*Goal of the exercise*. From the line with "95a1fc8d801 Модные юбки осень зима 2014-2015" to the line with "Работа коммунальных служб", retype each line exactly as it stands in the records below, but skip the pictures.

*Data extract*.
--- START ---

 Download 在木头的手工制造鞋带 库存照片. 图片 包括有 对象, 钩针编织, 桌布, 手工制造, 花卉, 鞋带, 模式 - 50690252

--- END ---
--- START ---

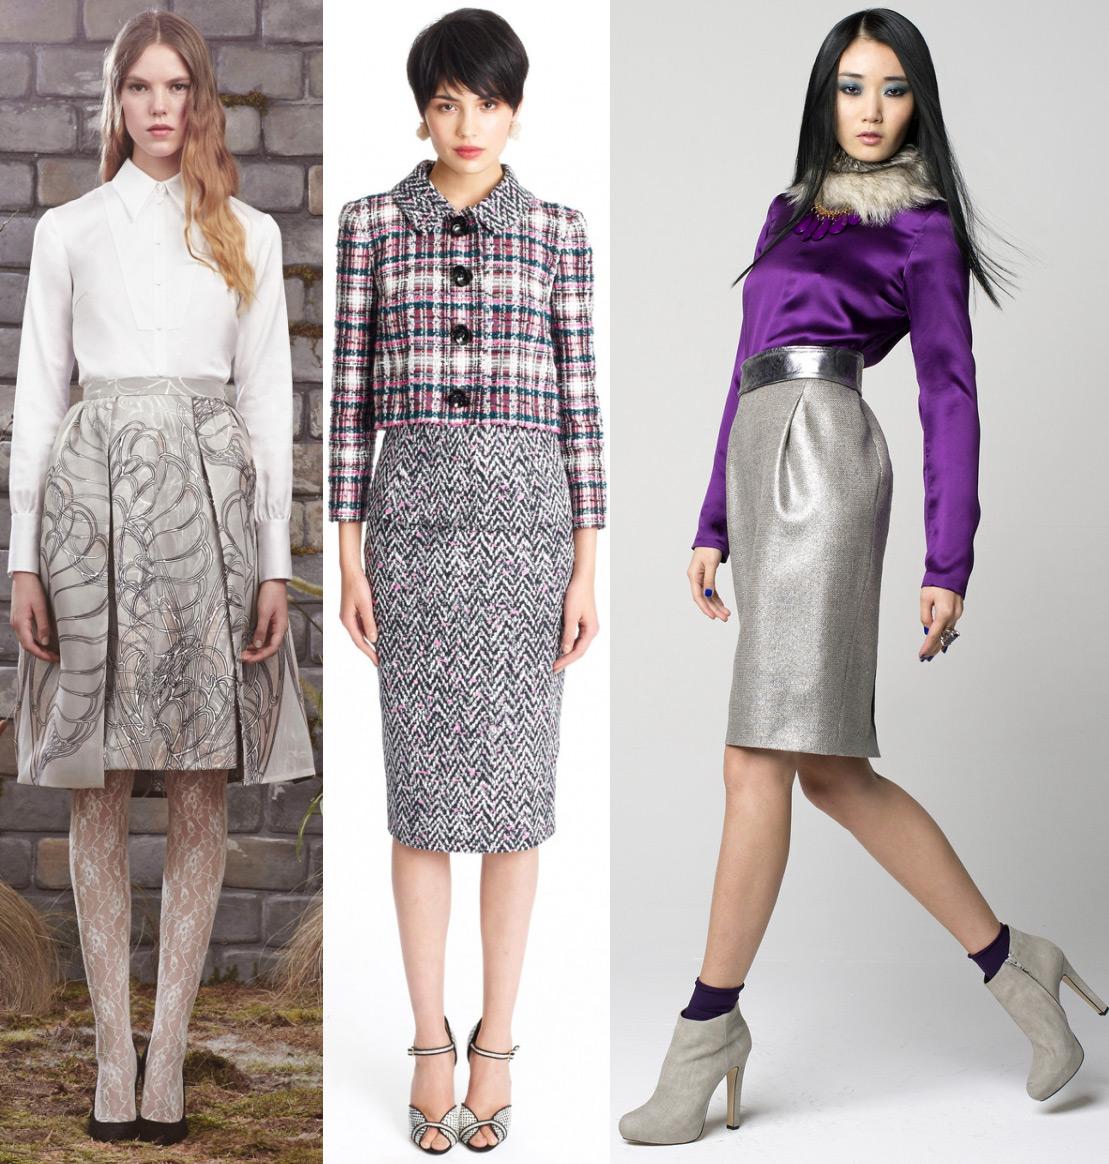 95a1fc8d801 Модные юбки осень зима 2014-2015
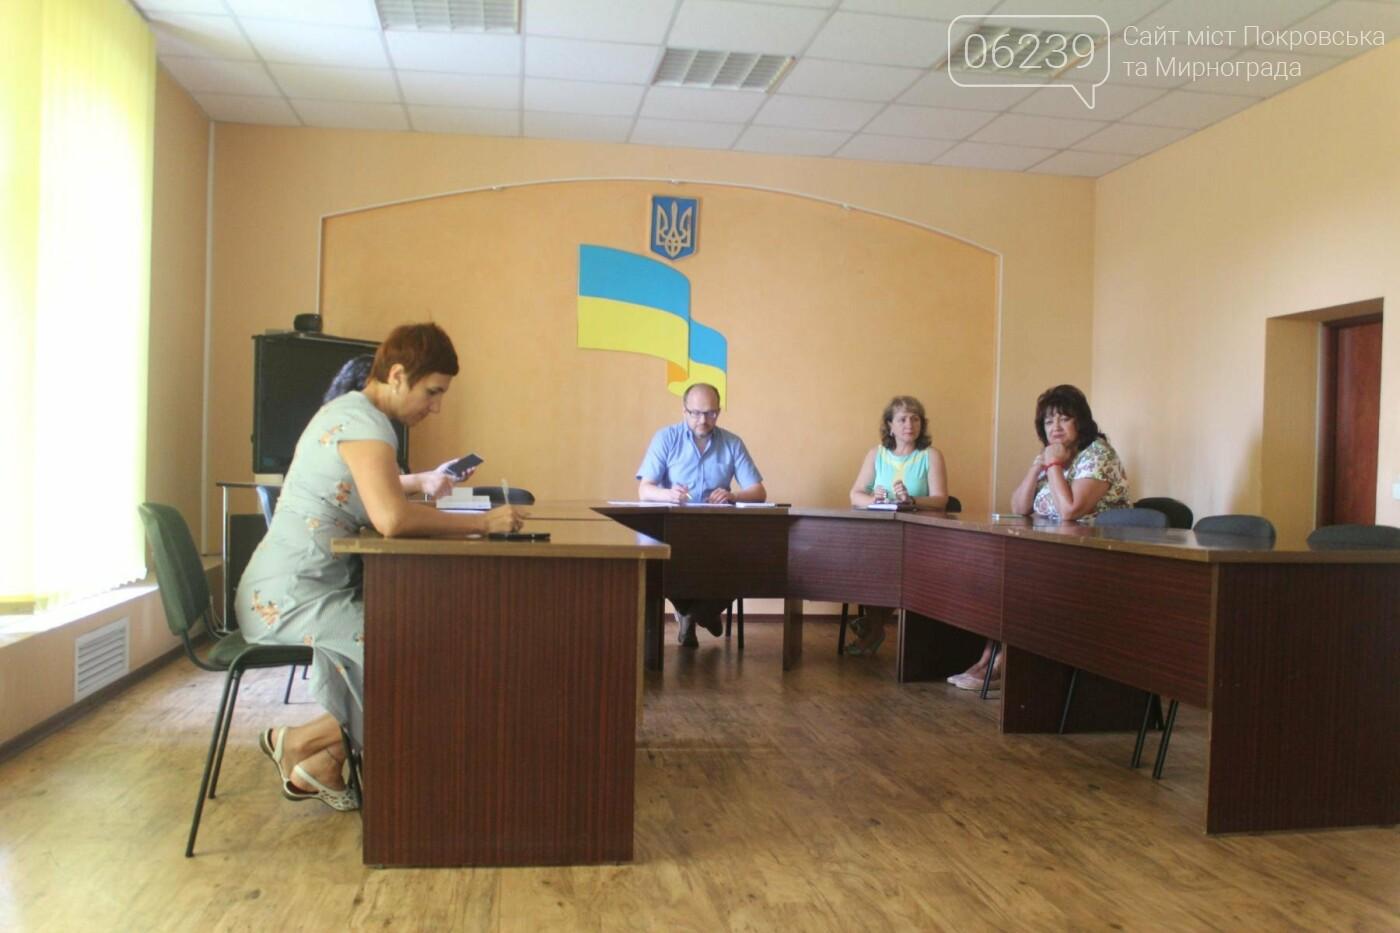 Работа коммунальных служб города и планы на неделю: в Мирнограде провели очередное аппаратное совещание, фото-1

--- END ---

*Output for this exercise*.
 95a1fc8d801 Модные юбки осень зима 2014-2015
 Работа коммунальных служб города и планы на неделю: в Мирнограде провели очередное аппаратное совещание, фото-1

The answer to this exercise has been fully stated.